The Thousand Ten Project is set for Saturday at Shields Park in Seymour.
Organizers and volunteers will meet at the park at 11 a.m. and will have music and a message before setting out to complete projects for those in need.
It’s the eighth year that volunteers from various congregations will take part in the event.
Tina Stark, treasurer of The Alley, 416 E. Second St., said organizers already have a list of about 40 families in need.
The goal is for the event to have 10 groups of 10 volunteers, each bringing $10 to have at least $1,000 or more of impact in the community.
“It depends how many people will show up to help with the work we set out to do,” Stark said of how much money will be spent.
Some of that work may include getting groceries, paying utility bills, painting, paying for prescriptions, filling a gas tank and more.
Sometimes, the work cannot be completed on the day of the event, she said.
“We sometimes will come back later, like if we have to build a wheelchair ramp or something,” Stark said.
The event has about 300 volunteers on average, depending on the weather, and Stark said one year, it drew about 700.
The event was first organized in 2011 by former pastor Rick Wilson. Wilson moved to Florida earlier this year after retiring from the ministry here.
Former pastor Stevie Lockman guided the event last year but later resigned and left The Alley.
The congregation has yet to hire a full-time minister of its own but relies on pastors from other local congregations to lead the church.

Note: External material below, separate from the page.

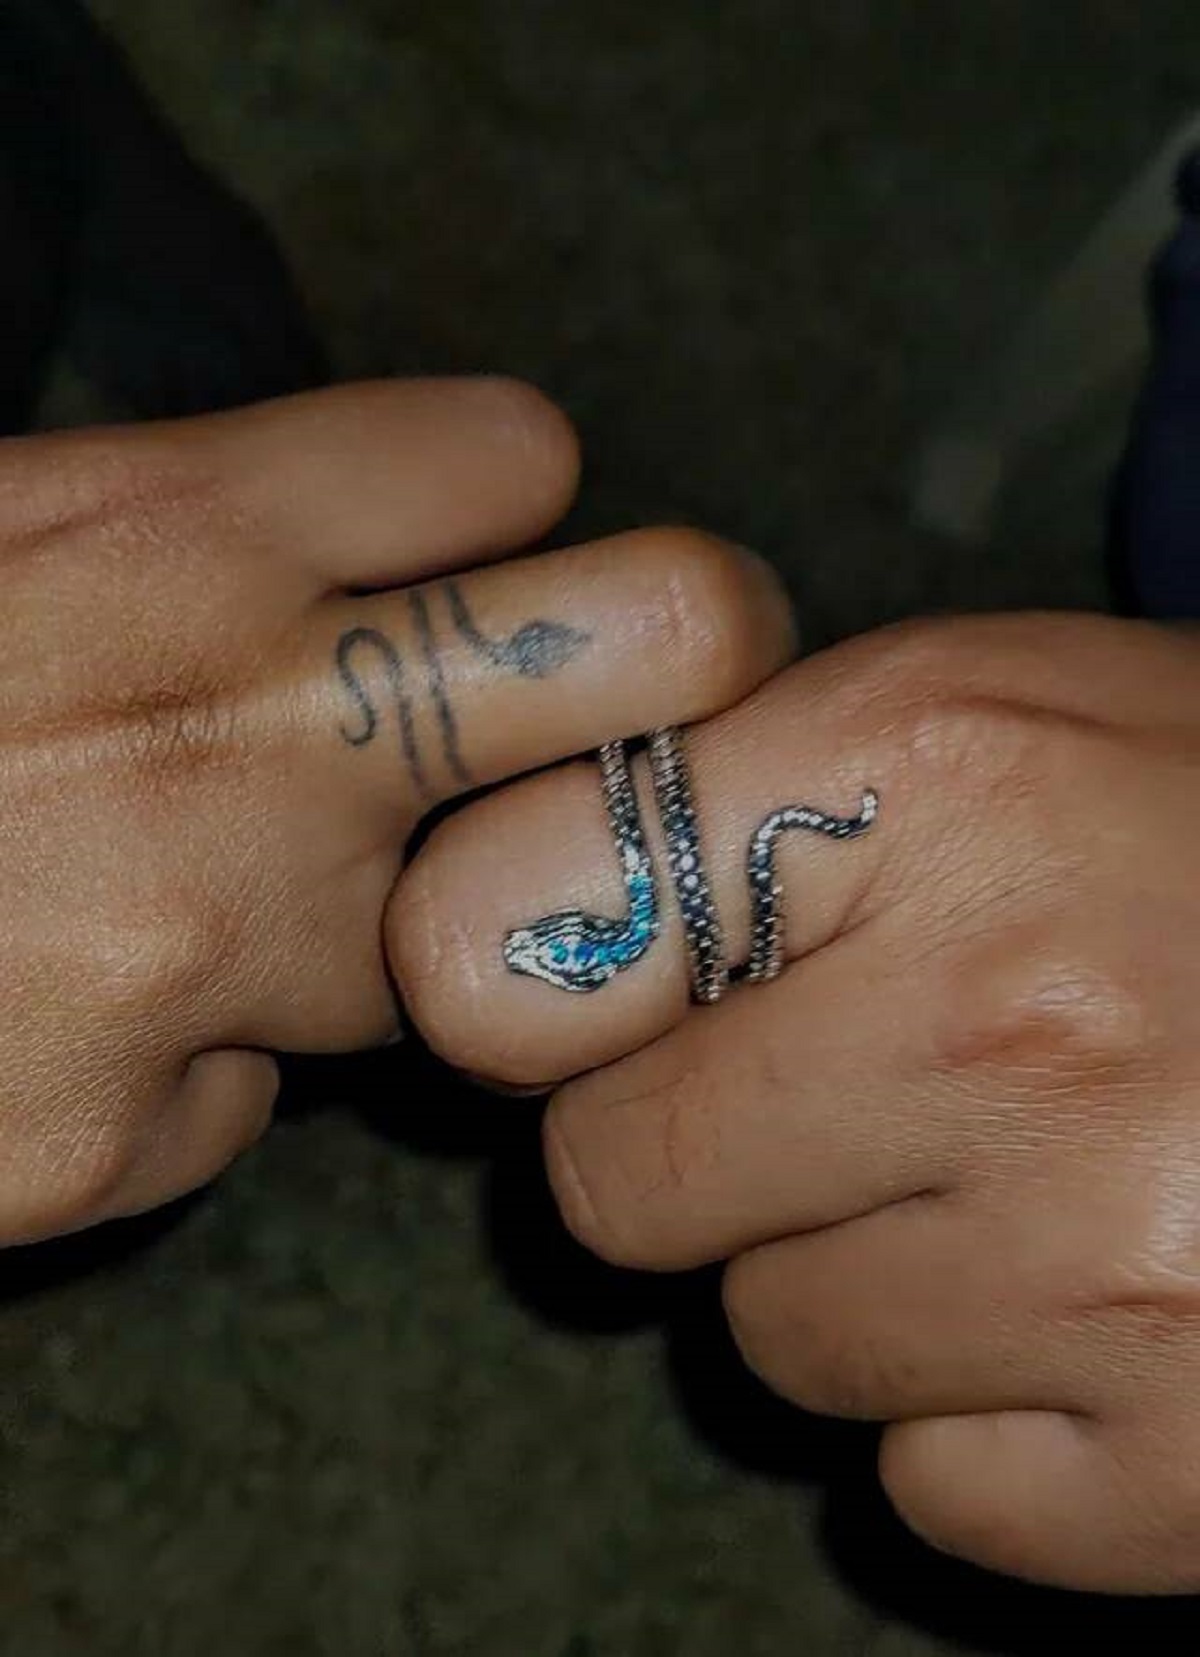 "Stranger's tattoo that matched my buddy's snake ring"
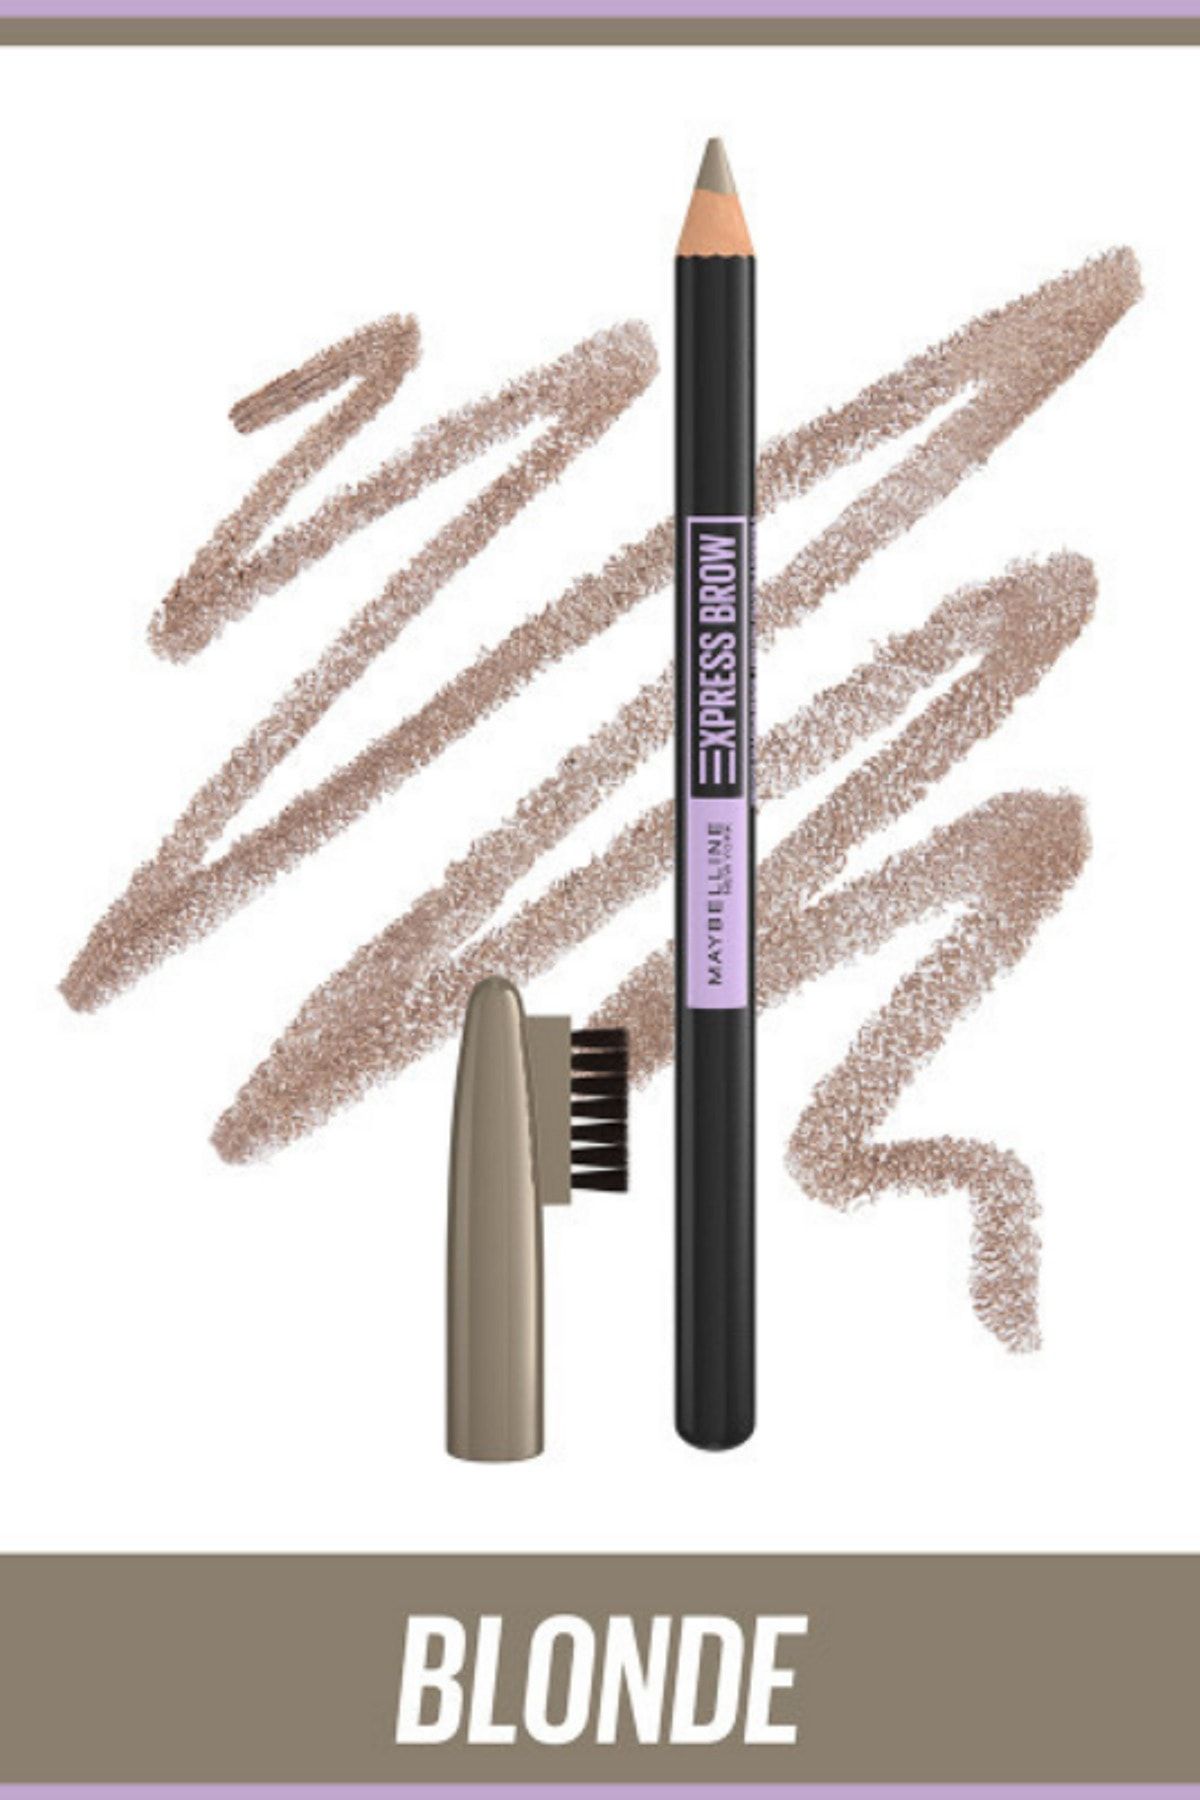 Maybelline New York Express Brow Shaping Pencil - Blonde

Mitchell McIntyre, lead minister at Brownstown Christian Church, said he preaches at the church about three times a month.
It’s the second year he has been involved in the Thousand Ten Project, and he said it helps local Christians show the love of Jesus through work.
“It’s all about trying to help people and letting them know that God loves them and there are people in this community that love them, too,” he said.
Stark agreed and said the event aims to help people that need a hand up, not a handout.
“We don’t judge anyone because everyone is down on their luck at some point,” she said.
The Alley’s praise band will play music, and speakers will talk about Celebrate Recovery, an addiction recovery support group that meets Wednesdays at the church.
The event is a supplement to the other work the congregation does in the community to share their faith with others, Stark said.
The Alley serves free meals from its kitchen Monday through Friday and has a food pantry open on the second and fourth Thursdays of each month. It provides other assistance, if possible, when people request it.
“There are so many needs in this community, and we’re trying to do our part,” Stark said.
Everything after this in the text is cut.